» Problem description
Without including any pictures, reproduce all the lines below word for word.

» Data provided
====================

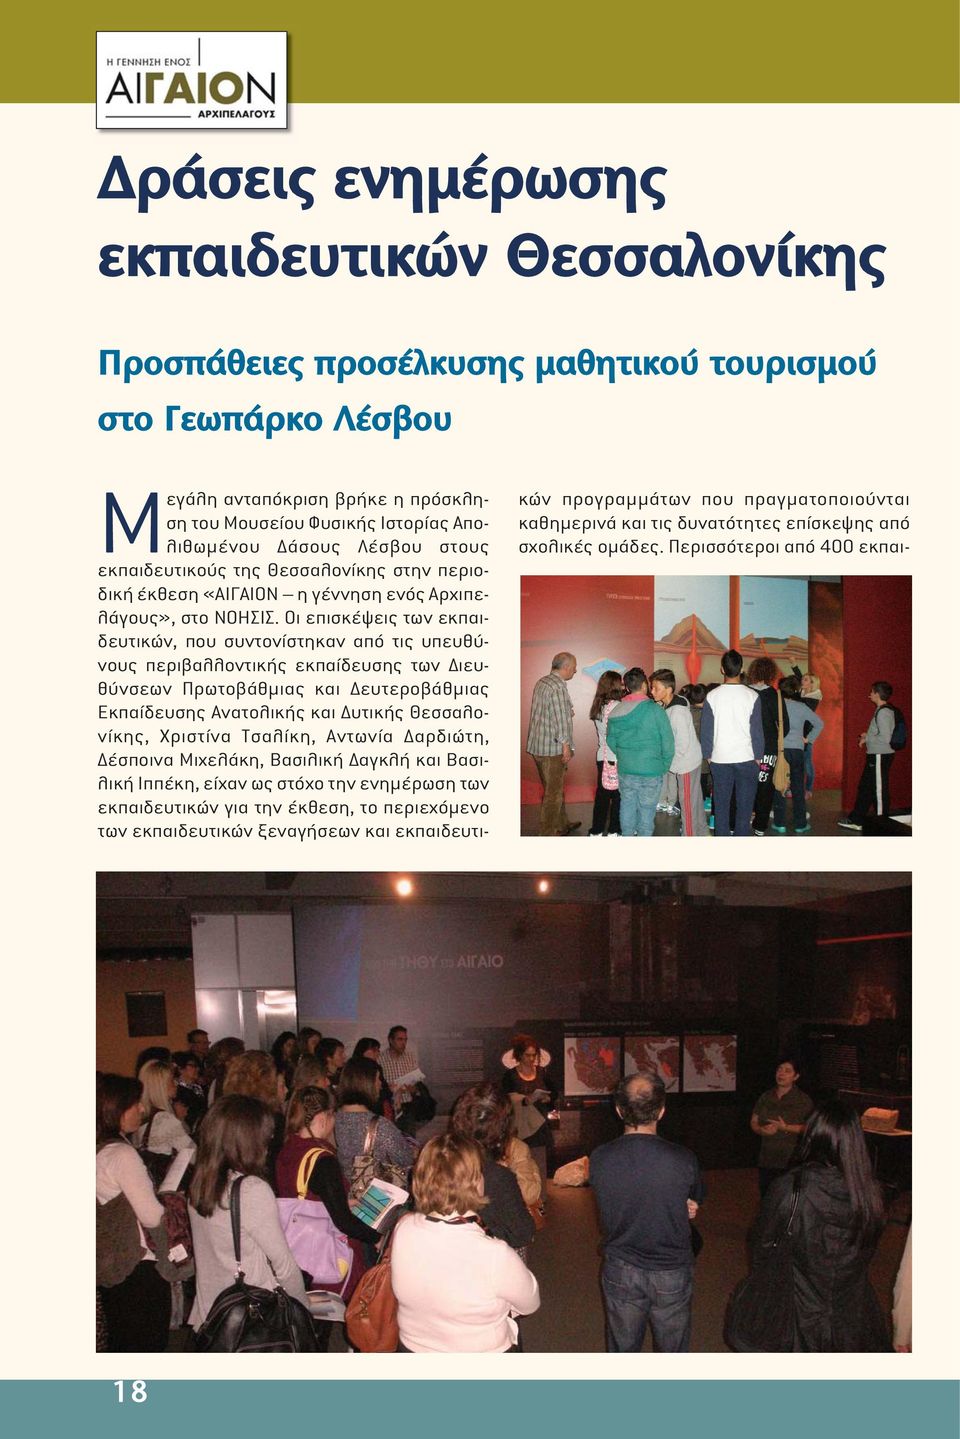 Οι επισκέψεις των εκπαιδευτικών, που συντονίστηκαν από τις υπευθύνους περιβαλλοντικής εκπαίδευσης των ιευθύνσεων Πρωτοβάθµιας και ευτεροβάθµιας Εκπαίδευσης Ανατολικής και υτικής Θεσσαλονίκης,
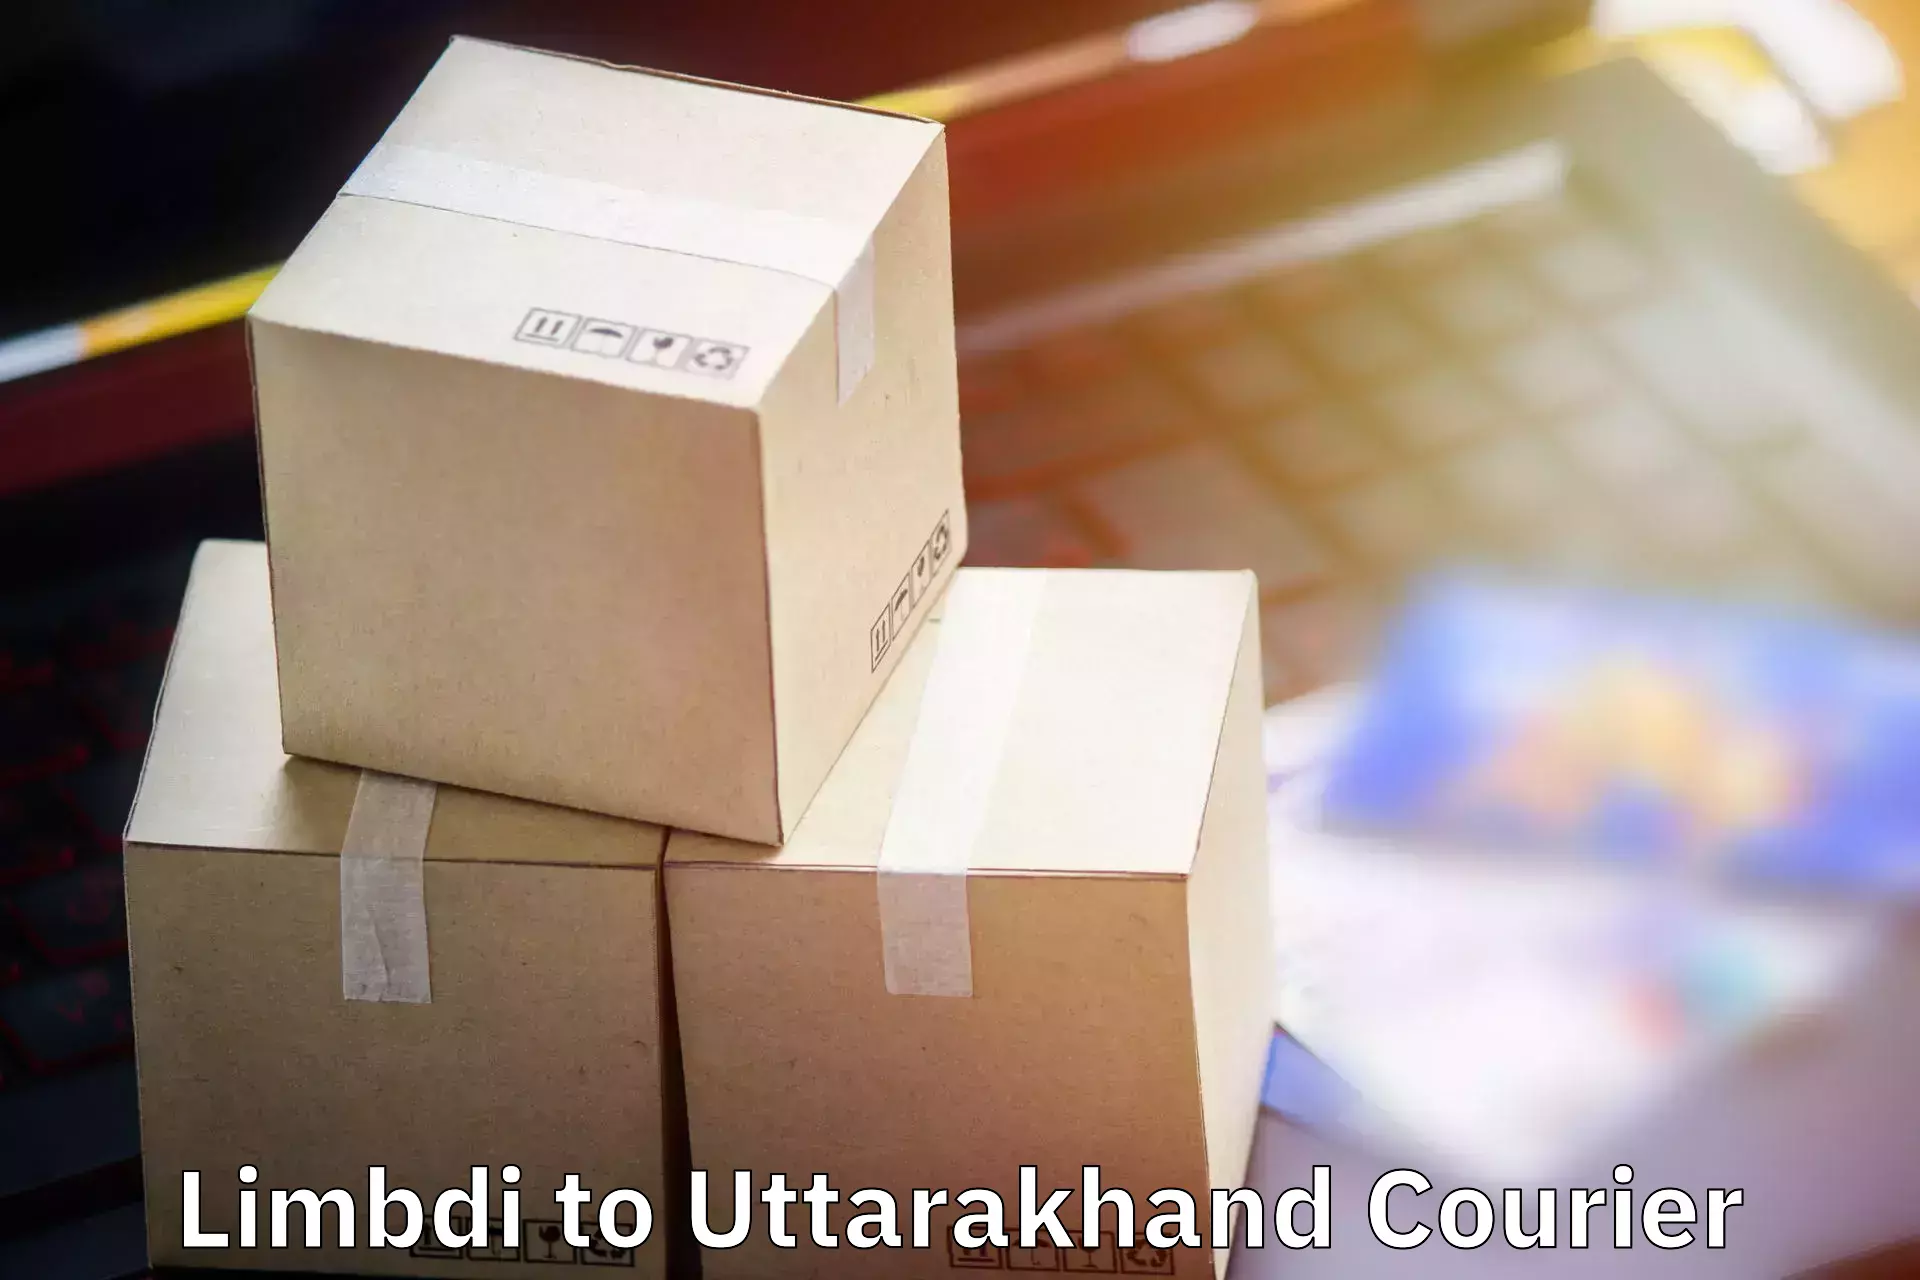 Luggage transport company Limbdi to Uttarakhand
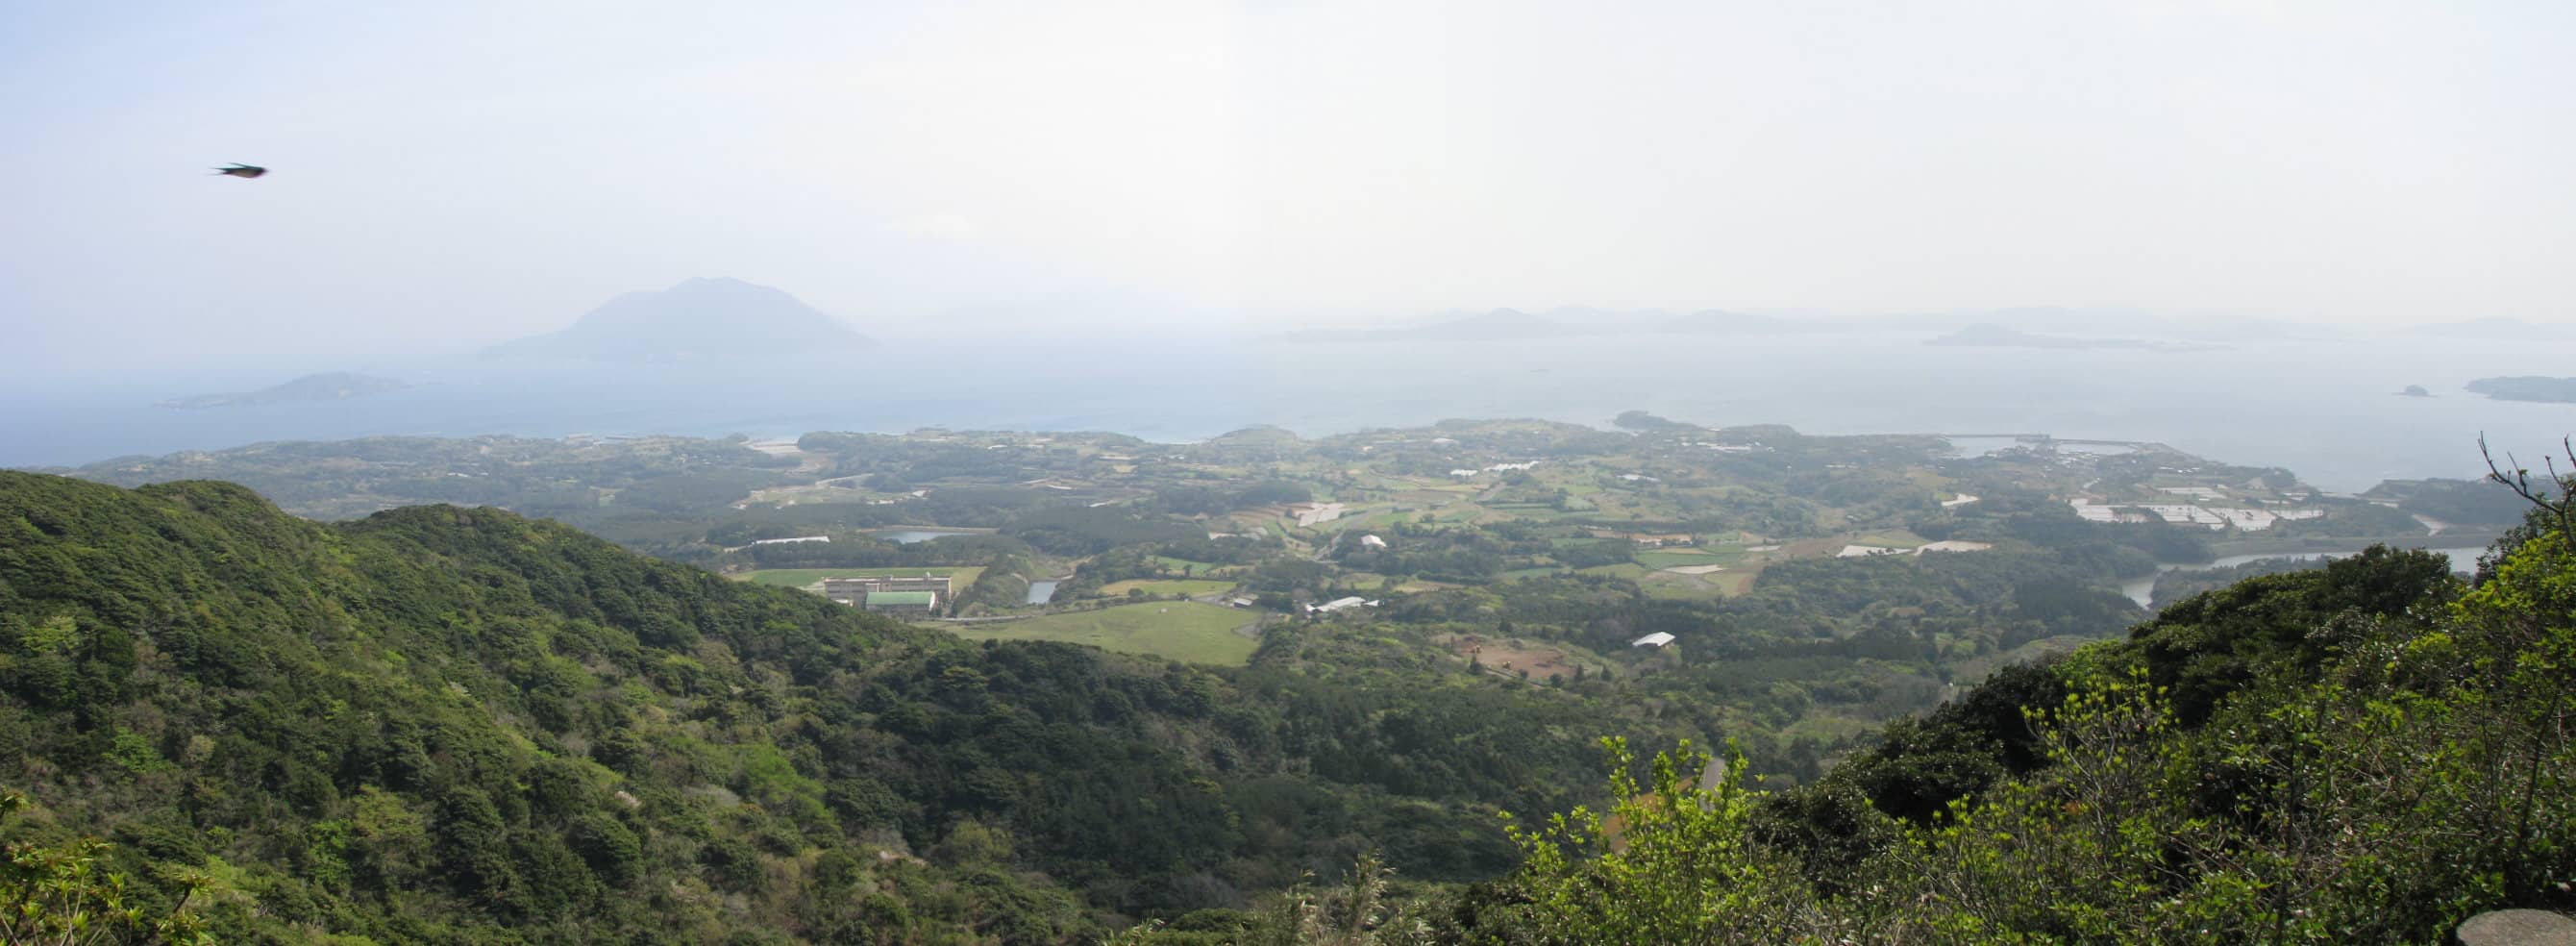 城ヶ岳からの眺めの写真

====================

» Answer to this exercise
 Οι επισκέψεις των εκπαιδευτικών, που συντονίστηκαν από τις υπευθύνους περιβαλλοντικής εκπαίδευσης των ιευθύνσεων Πρωτοβάθµιας και ευτεροβάθµιας Εκπαίδευσης Ανατολικής και υτικής Θεσσαλονίκης,
 Luggage transport company Limbdi to Uttarakhand
 城ヶ岳からの眺めの写真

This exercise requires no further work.